━━ SOURCE DATA
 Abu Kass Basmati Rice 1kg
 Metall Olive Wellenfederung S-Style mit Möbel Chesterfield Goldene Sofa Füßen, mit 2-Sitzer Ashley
━━━━
━━ SOURCE DATA
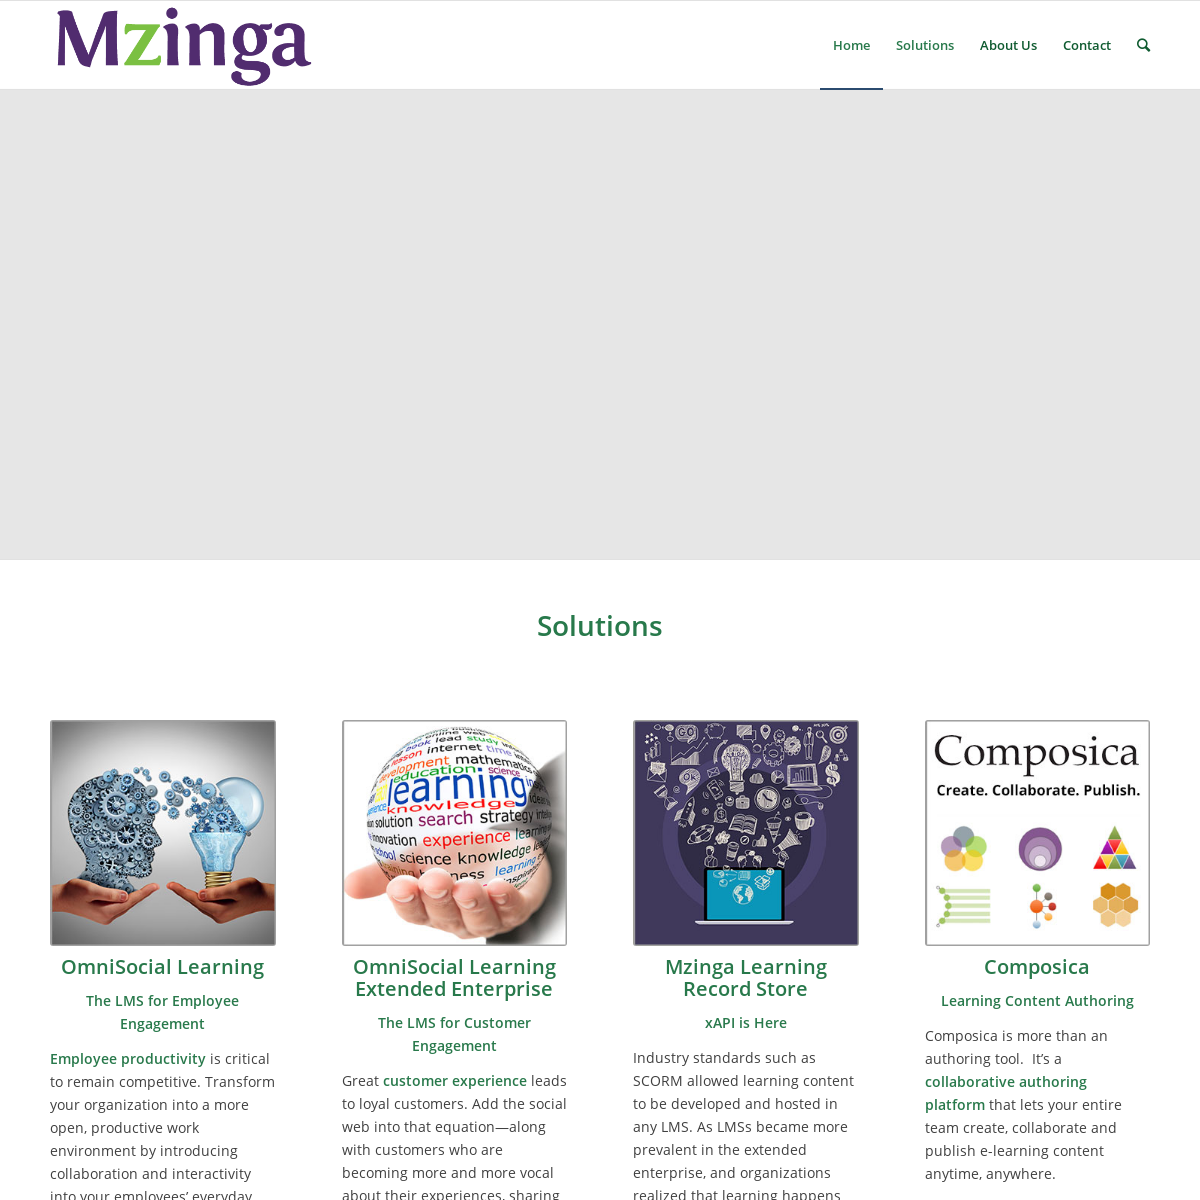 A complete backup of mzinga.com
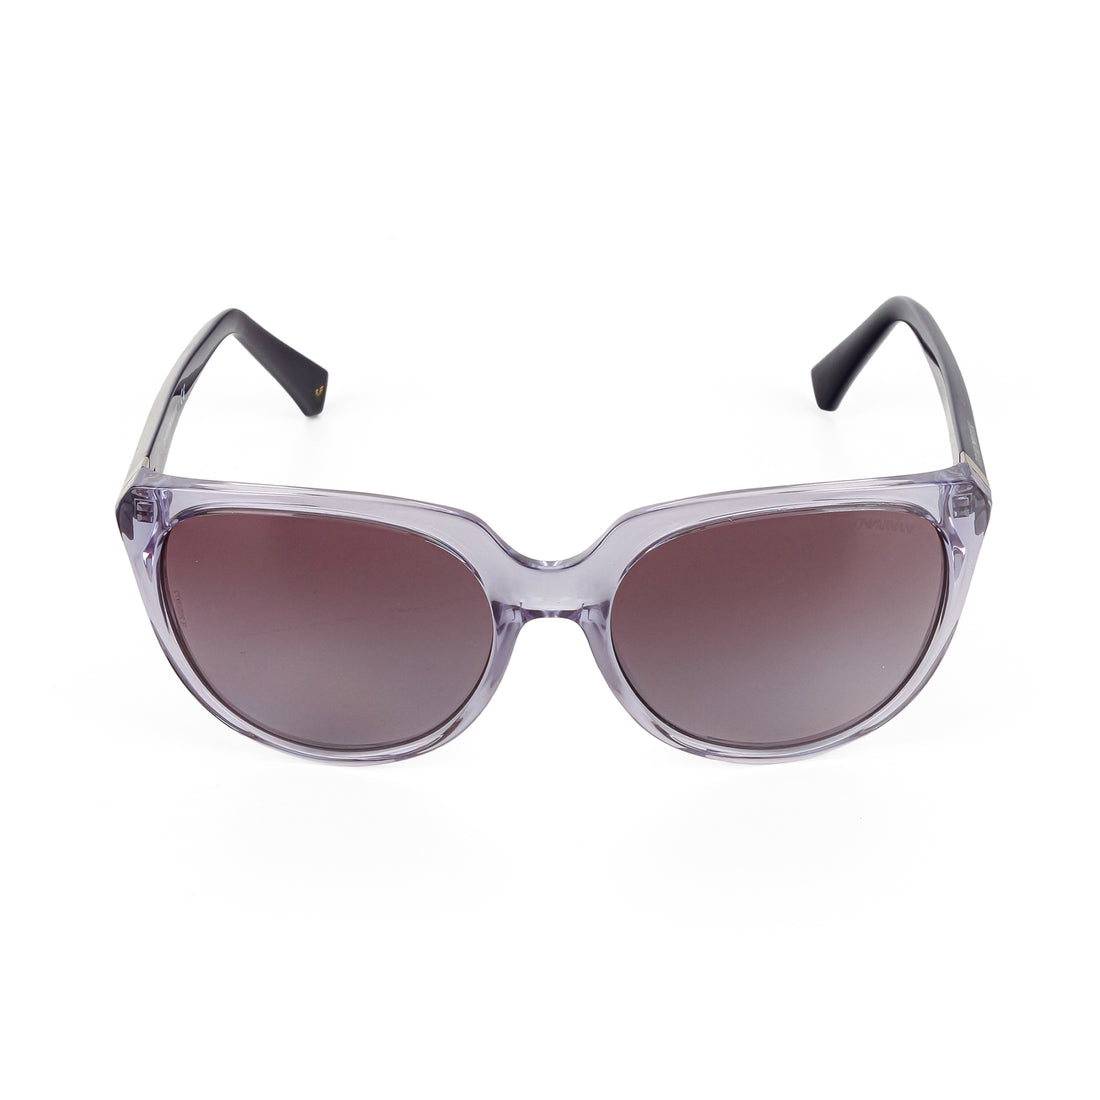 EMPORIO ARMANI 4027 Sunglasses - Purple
━━━━
WHAT IS NEEDED
Reproduce the listing above from the line that holds "A complete backup of mzinga.com" through the line that holds "EMPORIO ARMANI 4027 Sunglasses - Purple", both included, with the pictures left out.

ANSWER TO THIS TASK
 A complete backup of mzinga.com
 EMPORIO ARMANI 4027 Sunglasses - Purple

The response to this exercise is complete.